Со своим братом-школяром Глебка вообще не стал углубляться. Если хоть в классе было какое- никакое родство перед двойками и нелюбимыми учителями, то как только это отошло во вчера, все сразу рассыпалось в прах. Каждый что-то лопотал про себя — один метил туда, другой — сюда, да все в институты, хотя Глебка-то уж преотлично знал, какие из них студенты, а потом спецы выйдут.
Каждый норовил устроиться лично, только самому просунуться хоть в какой теплый уголок — ничего, их соединяющего, сразу же не осталось. А значит, и не было. И если сказать по чести — все они одиночки и никто толком не знает, чего ему надо, но только он один, Глебка, сам себе об этом смело сказал.
Остальные соврали. Все всем врут — вон что нынче! И родители ученикам, ну, и само собой, выпускники взрослым, обоврались.
Но тут этот женский жим! Все блага желают, все о нем пекутся и сильно озабочены.
За Борика вон радовались. Все ясно было. И чем кончилось?
2
Впереди грозы, особенно сильной, всесотрясающей, обязательно идет ее предчувствие. Или духота навалится, или тревожно станет, неуютно.
Точно так же надвигаются грозы душевные. Ни с того, ни с сего вдруг как-то нехорошо становится, не по себе, тягостно. Человек разумный тотчас же начинает мысленно вокруг себя озираться, обдумывать происходящее и, глядишь, хотя бы почувствует, догадается, откуда удара ждать. Но ведь иногда и ждать ясно откуда, и направление удара известно, но человек взял да и ослабился, угасил в себе остроту, называемую предчувствием, выпустил из сознания своего нечто неосязаемое, труднообъяснимое — и эту грозу пропустил.
Так и с Глебкой произошло. Уж ему ли про Хаджанова забыть — а забыл.
Да, забыл, отпустил не из обычной бытовой памяти, а из той, что посложнее, называемой сознанием или даже подсознанием.
В общем, однажды мама прибежала с работы, и глаза у нее были с маленькие чашечки. Платок сбился на затылок, она едва дышала, ноги не держали, и, припав на краешек стула, она не спросила, не удивилась, не воскликнула, а почти равнодушно сообщила, что и ударило Глебку в самый поддых.
— Сегодня Хаджанов объявил, что это ты сжег его киоски, пять или семь. Это было давно, но он закончил свое расследование. Есть свидетели. Предлагает. Или заплатить за них деньги. По две тыщи долларов за каждый. Или подписать бумаги об отказе от квартиры. Той, Маринкиной.

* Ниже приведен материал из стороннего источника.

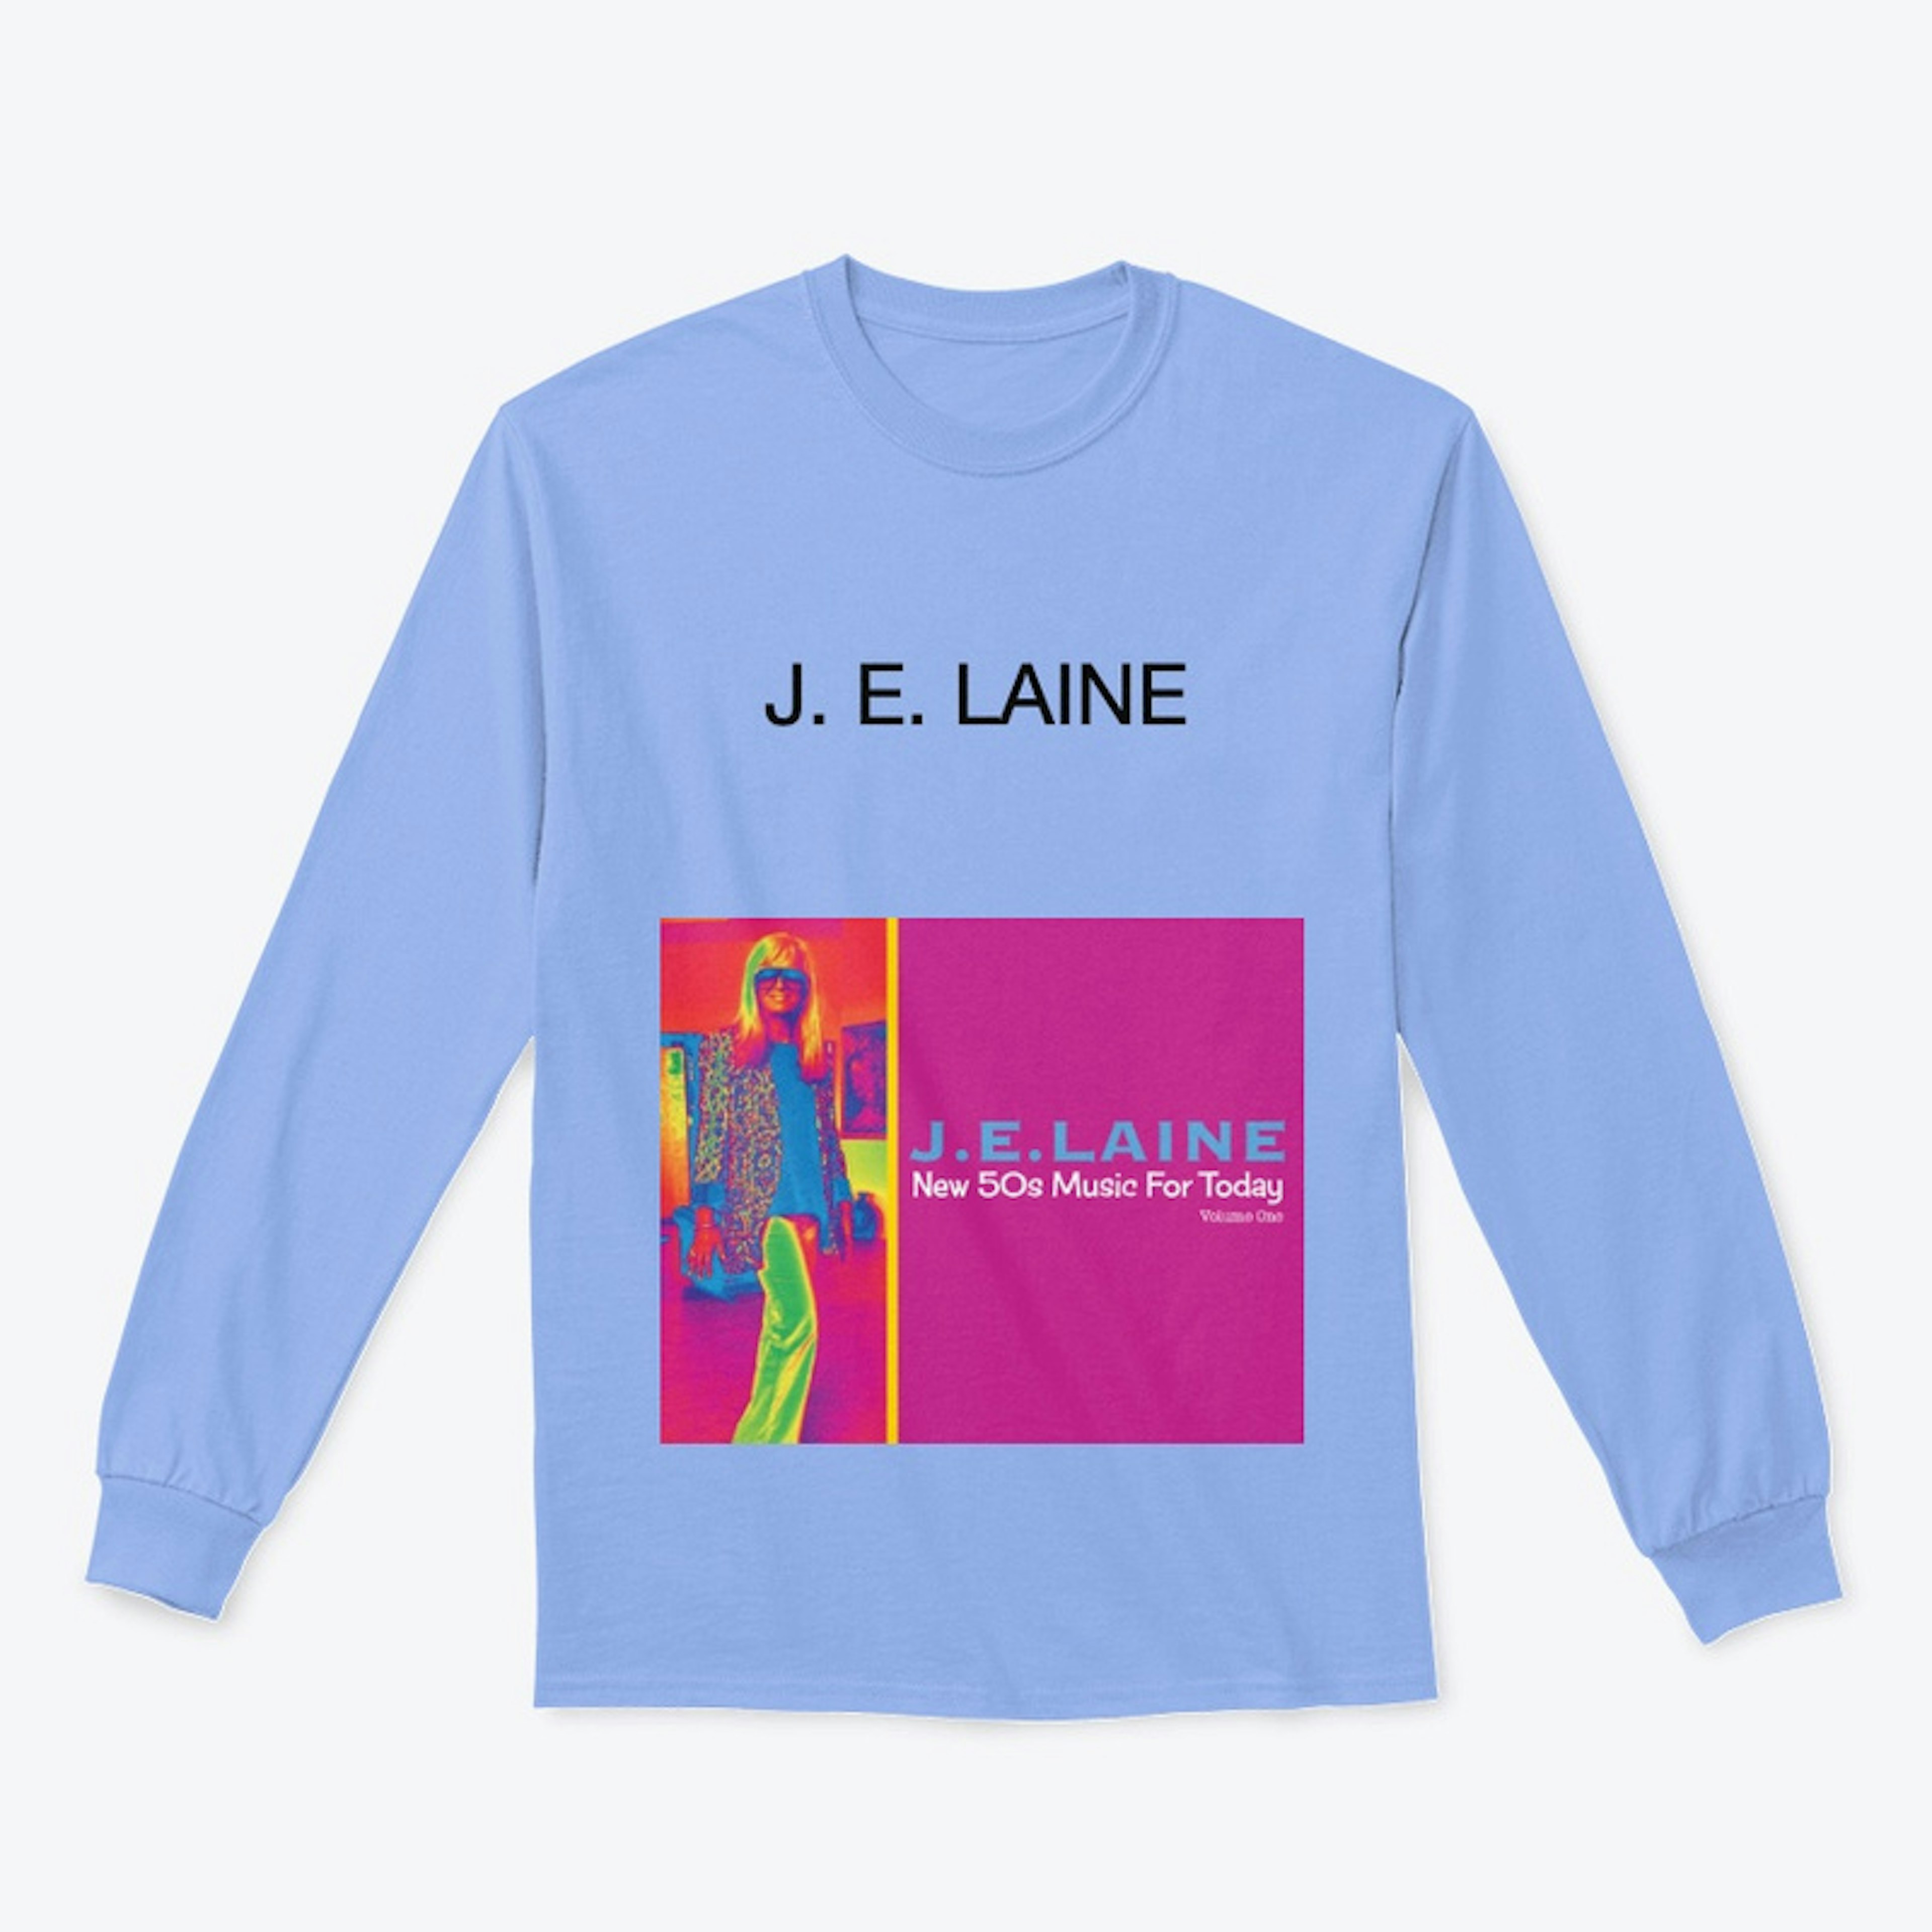 The J. E. LAINE Store

Глебке каждая фраза казалась булыжником. И этими булыжниками били по голове. Он раскрывал рот, хватал воздух, намеревался что-то крикнуть, но не давал себе воли, понимая, главное — промолчать. Потом вытащил из себя слово:
— Неправда.
Стал его повторять маме. Она заплакала и высказала, может быть, самое главное:
— Ты, наверное, не понимаешь. Хаджанов у нас главное лицо. Не начальник санатория, никто. Он. И он сказал, что уволит меня. Ты понимаешь?
Сволочь! Вот оно — словечко, точное и нужное в этот миг. И гром, и молния сразу, в одном выражении. А ведь должен был он, Глебка, обязан был предчувствовать и предвидеть, откуда придет поганая гроза в его дом.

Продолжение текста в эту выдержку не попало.